Understanding Apple’s car strategy

“The basic word on the street is Apple has a secret lab and has various car prototypes they are working on with the idea of creating an actual car that would have an Apple logo on it. While this speculation is interesting, count me as one of the serious skeptics on Apple actually making a branded car and selling it as a stand-alone vehicle regardless of how smart it could be,” Tim Bajarin writes for Tech.pinions. “If they really wanted to get into the smart car business, just buy Tesla and work with them to add Apple’s intelligence and services to this vehicle. Clearly, they have the money to do this if it was strategic to their future.”

“I believe Apple’s plans are much grander than doing their own car,” Bajarin writes. “I do believe Apple has car prototypes in their labs as some have suggested. But I believe they are there to help them create a radical smart/intelligent connected car architectural design that could be licensed to all car companies or be part of an integrated solution. They would work with car companies to customize future models that would be smarter and perhaps safer than any car on the market today.
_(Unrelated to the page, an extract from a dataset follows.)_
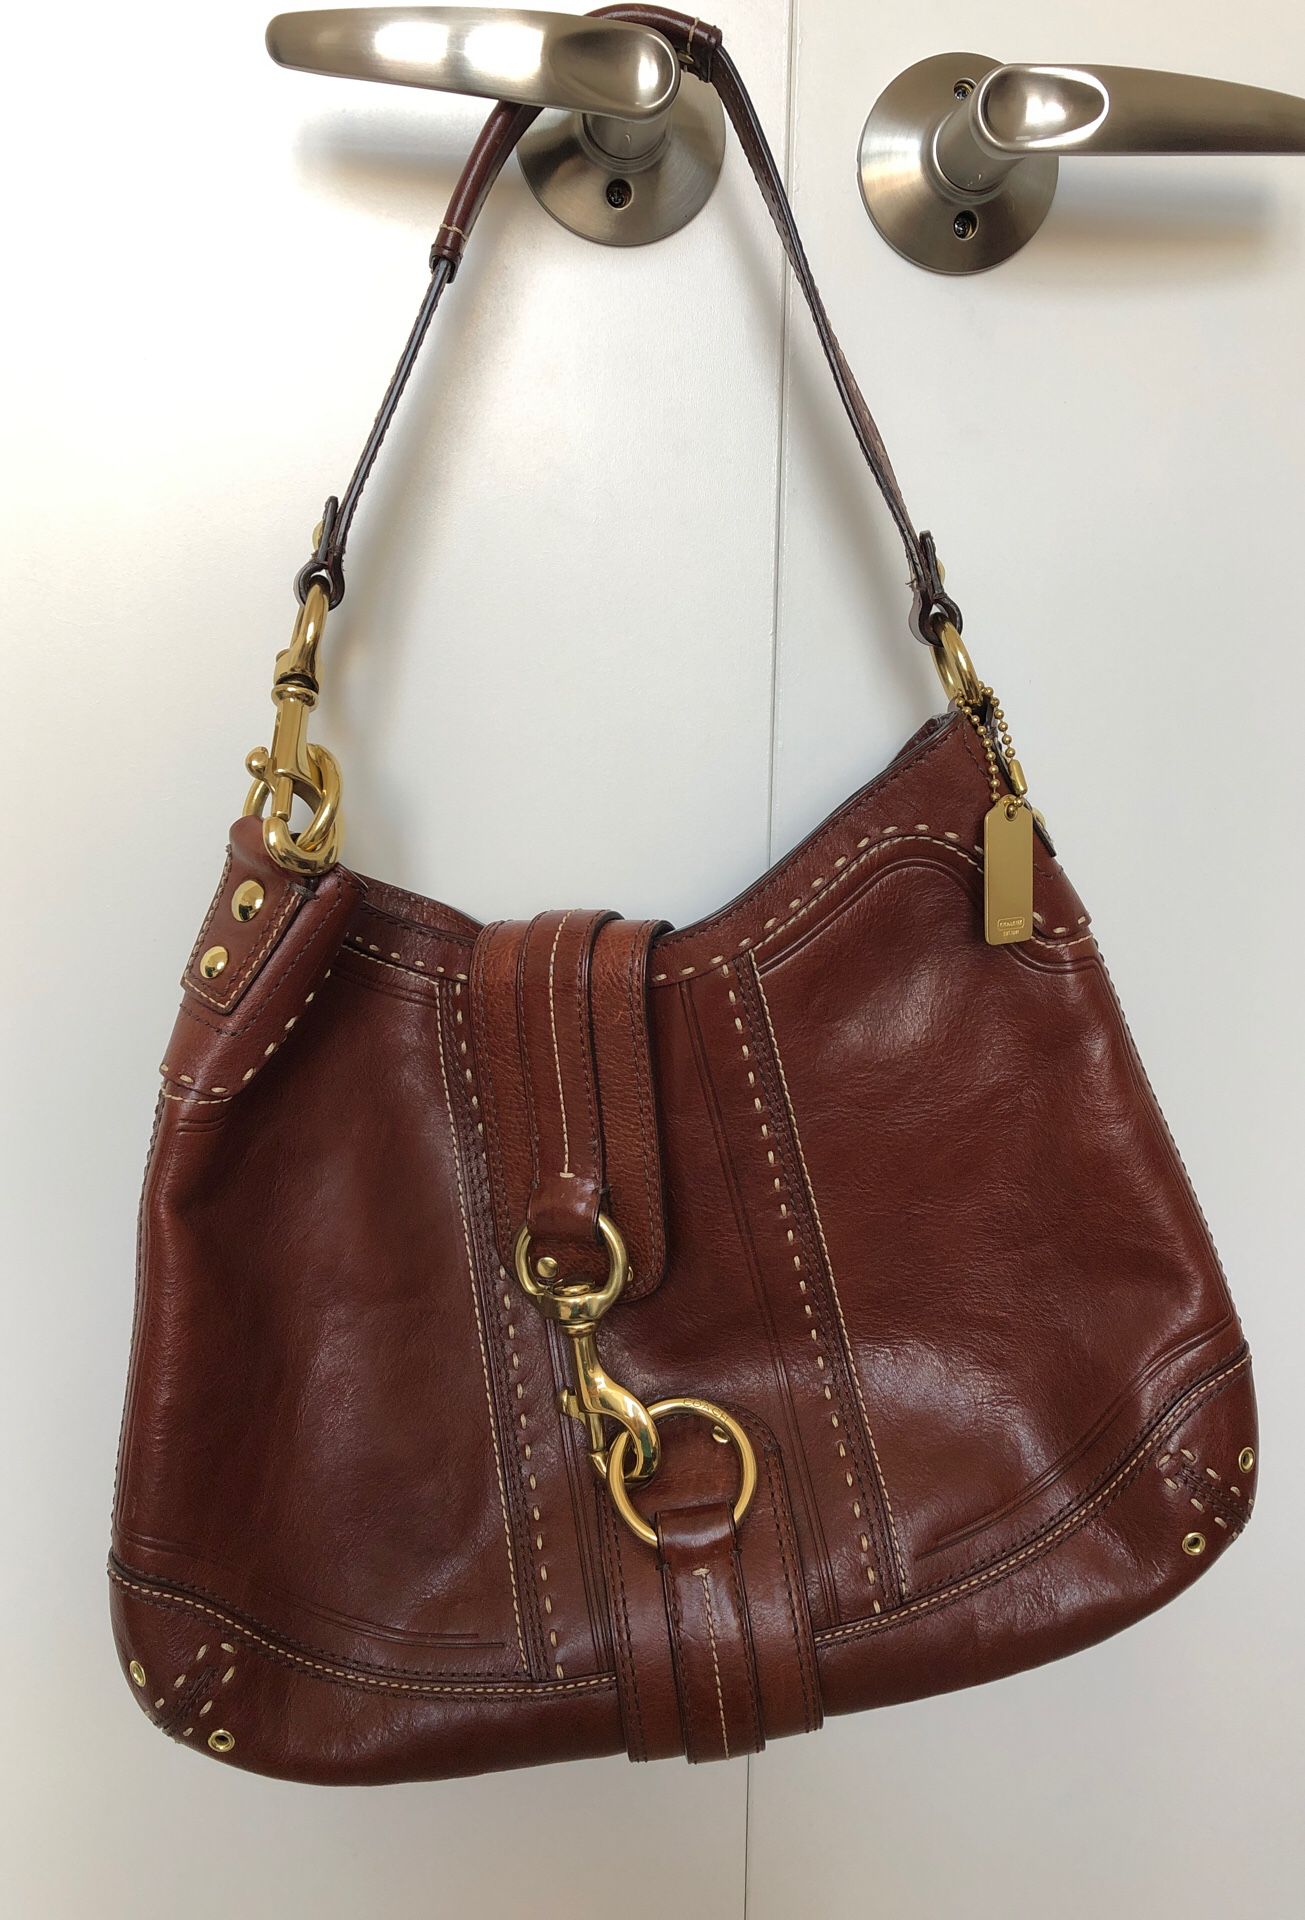 Coach medium brown leather handbag

The operative word here is safer.”

“What if Apple was able to present to car makers a rich solution behind iOS that connects sensors and cameras along with music, apps and services that helps them create a car that has multiple cameras as well as a 360 degree camera on top so there are never any blind spots,” Bajarin writes. “Sensors inside and out could be used to add additional safety features including collision avoidance and the like. Add to that the music and entertainment features that are part of iOS as well as the fact that iOS is a platform app developers could create apps for a car. Apple could create the architecture that sits at the center of all future smart cars.”

Much more in the full article – highly recommendedhere.

MacDailyNews Take: Would the vehicle makers really work with Apple and actually cede the “brains” of their vehicles to Apple? Or would they fight them tooth and nail as it seems we are seeing in the media realm with Apple’s difficulty putting together the deal to launch an Internet TV service?

24 Comments

  1. If Apple want to build a car, they need to stay free from the encumbrances of the legacy auto industry. Partnering or buying an existing brand would thrown them into the dealership quagmire. By never having had a franchise dealership arrangement they’re not subject to the laws that were set up to protect franchised dealers from the machinations of the auto manufacturers. Some states are dragging their feet, but they will not prevail in forcing Tesla (or Apple) to grant franchises.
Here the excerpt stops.